_What needs to be done_
Send back the line that contains "E.leclerc Folleto - 26.05-06.06.2021" and all lines following it through the end of the data below, exactly, omitting pictures.

##### Source material #####

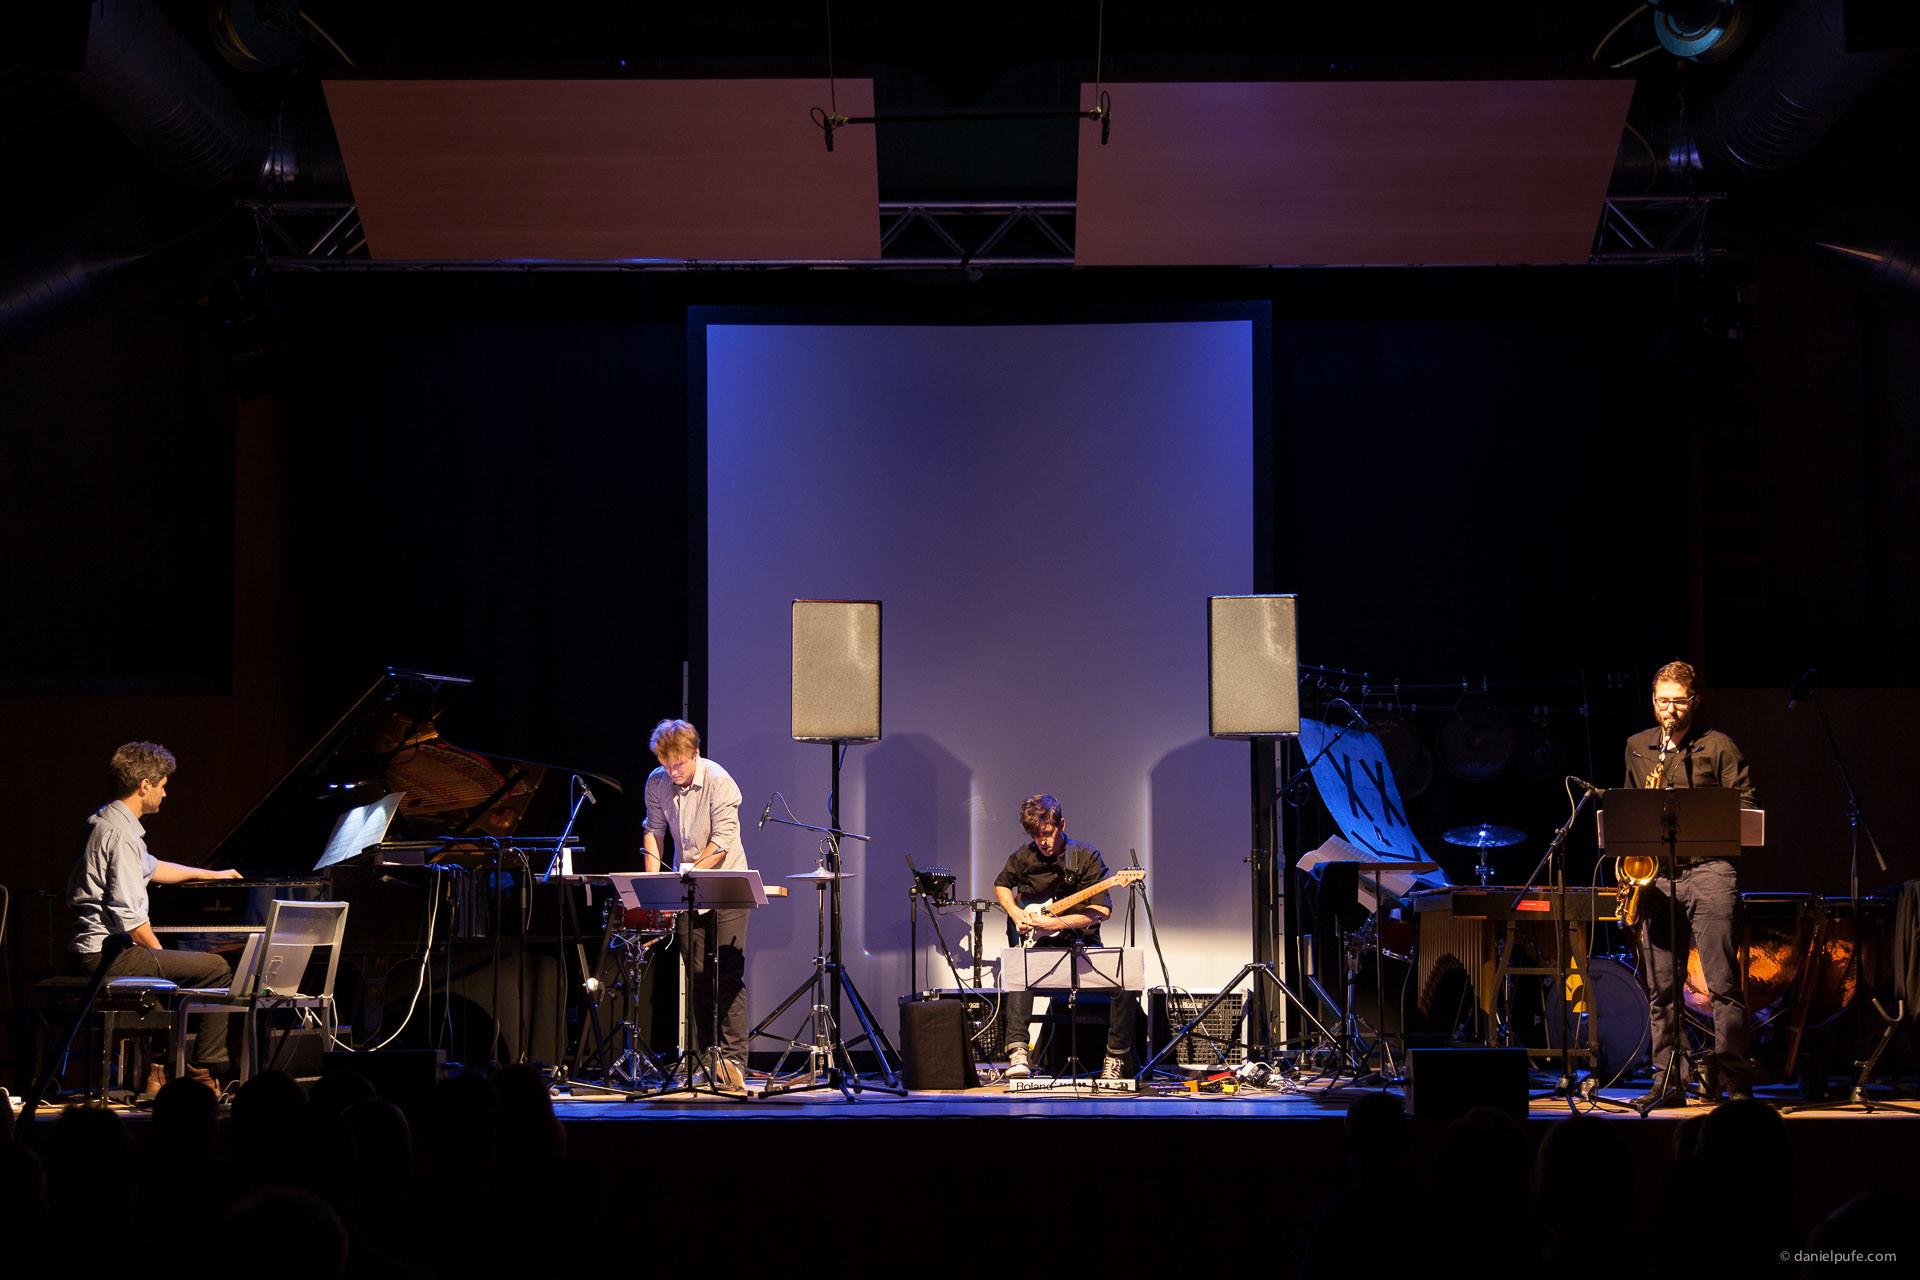 Concert: Ensemble Nikel - Centralstation
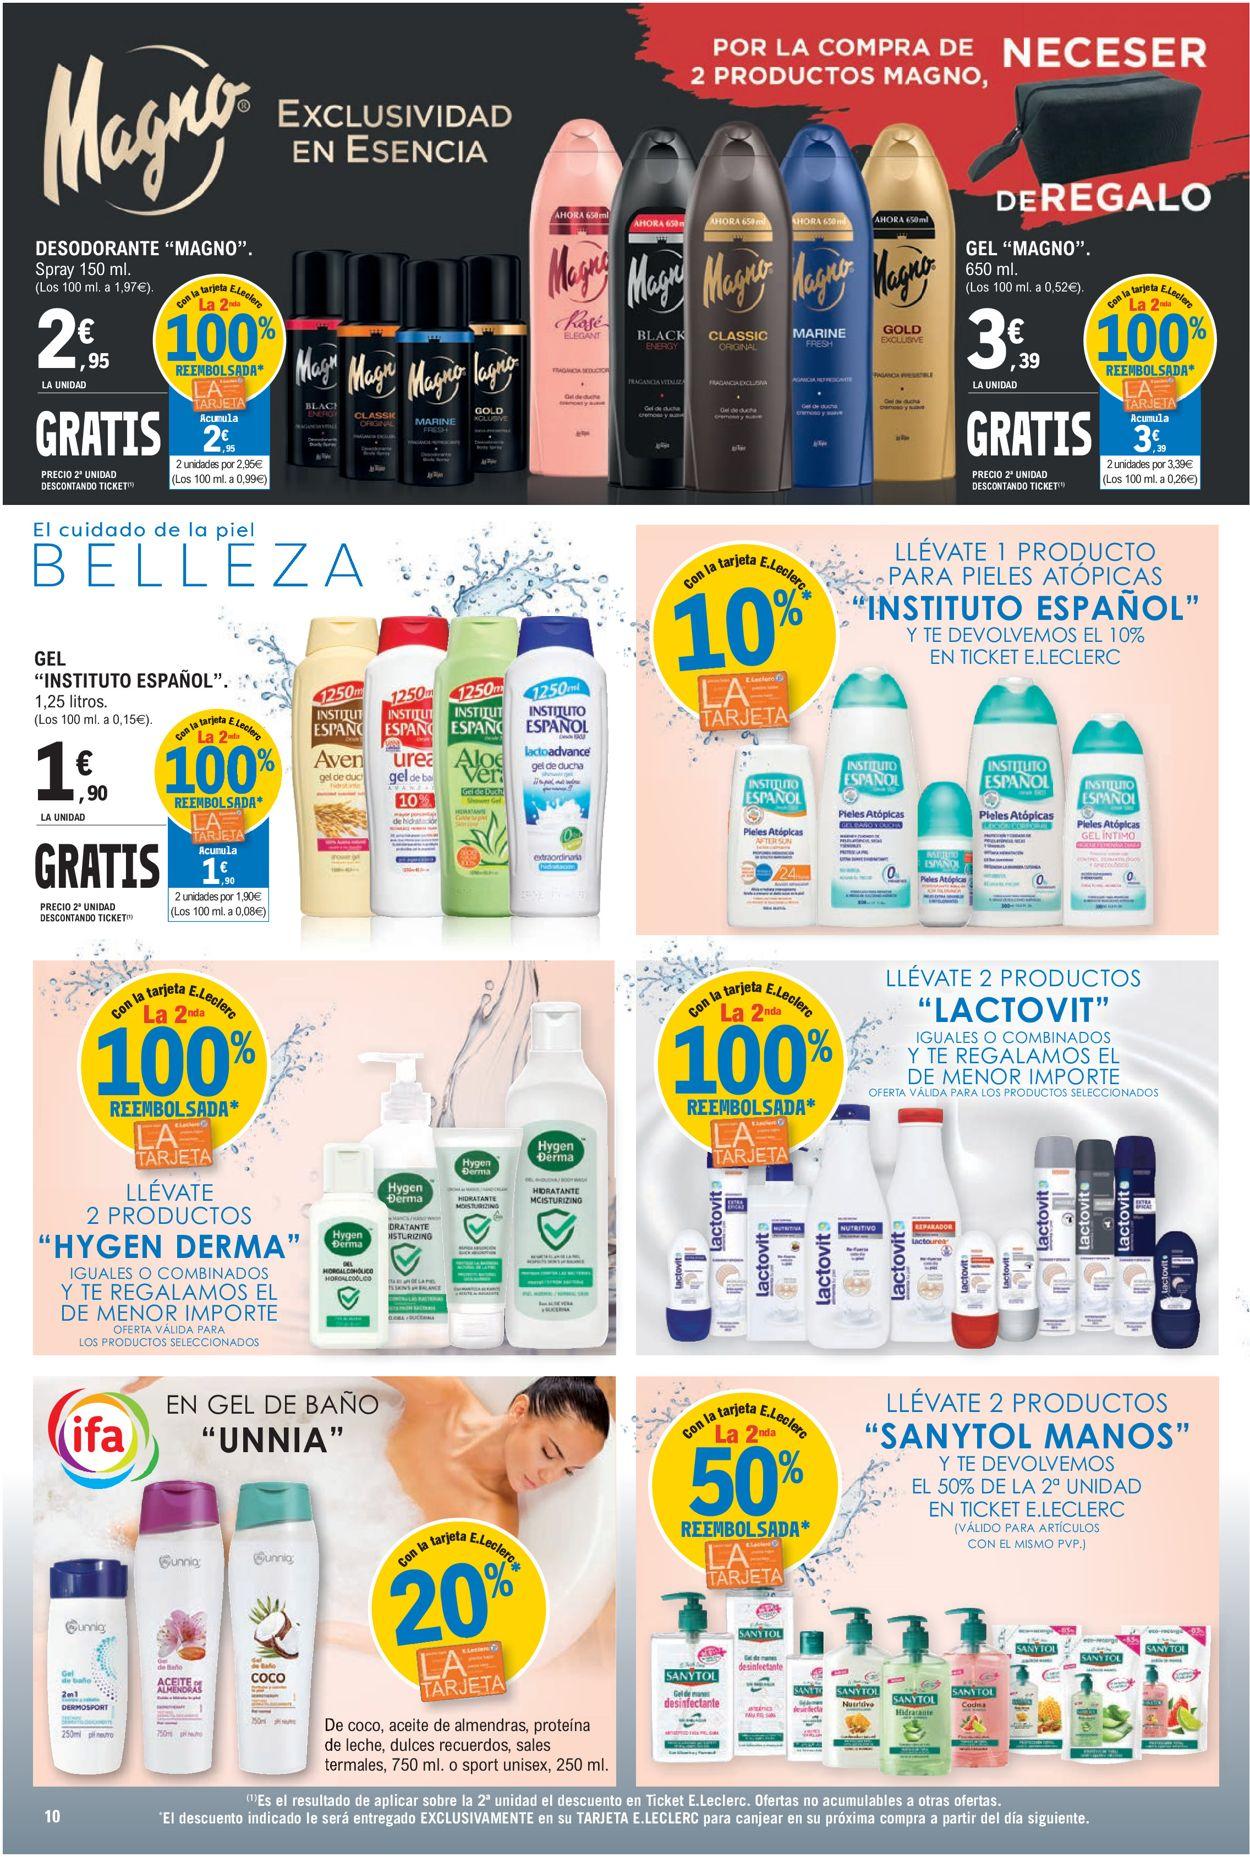 E.leclerc Folleto - 26.05-06.06.2021 (Página 10)
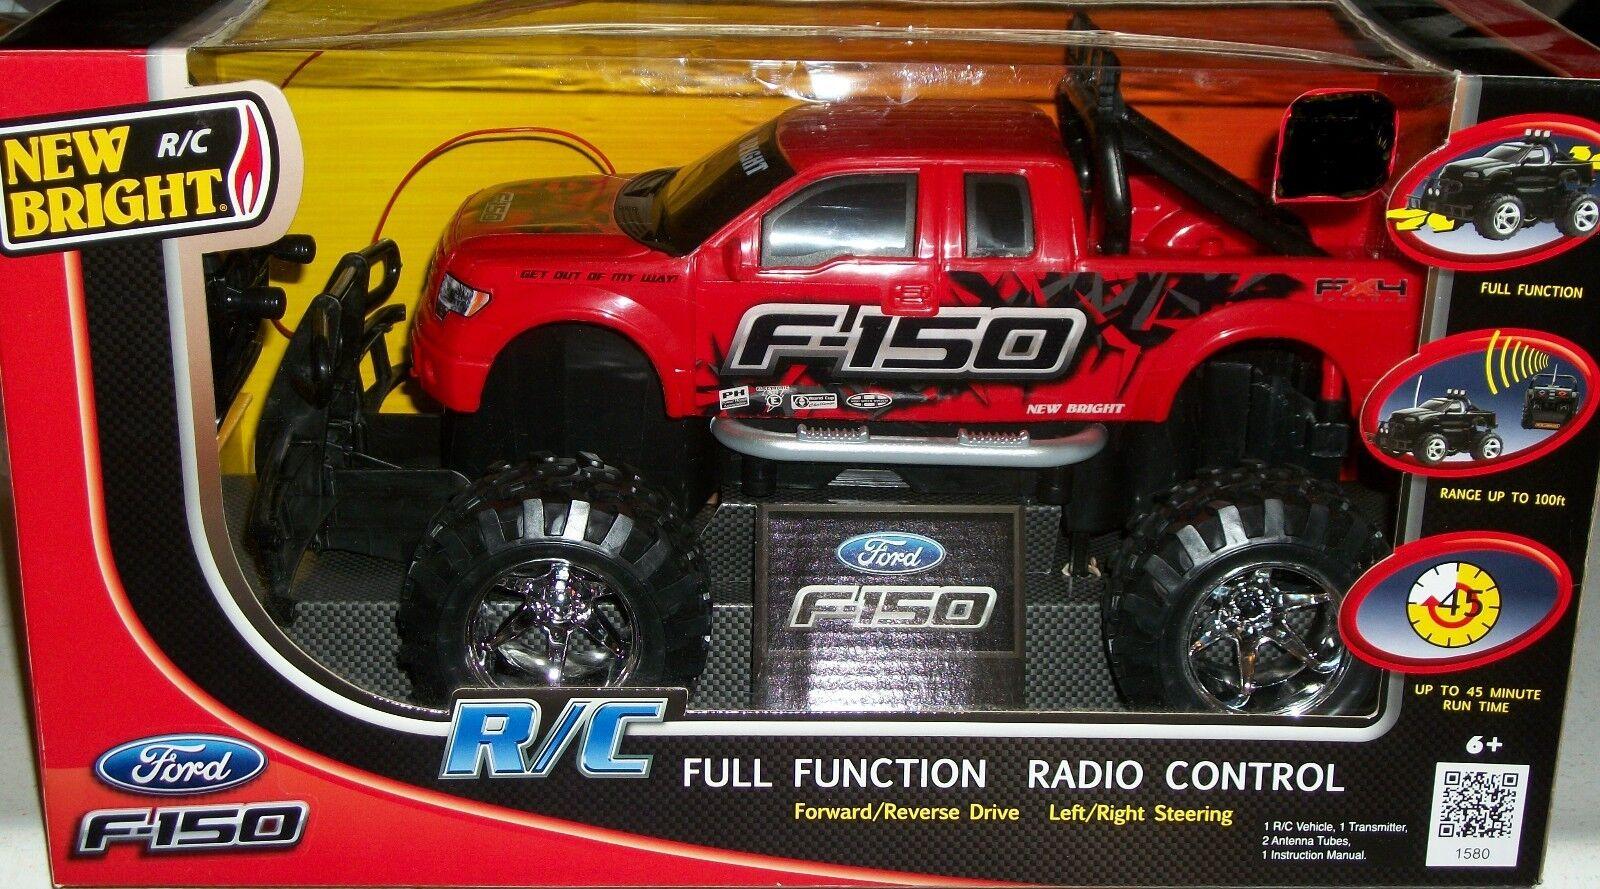 Ford F-150 R C Helfunktionsstyrd radio Pickup Remote leksaksbil Xmas

#####

_Solution for this problem_
 E.leclerc Folleto - 26.05-06.06.2021 (Página 10)
 Ford F-150 R C Helfunktionsstyrd radio Pickup Remote leksaksbil Xmas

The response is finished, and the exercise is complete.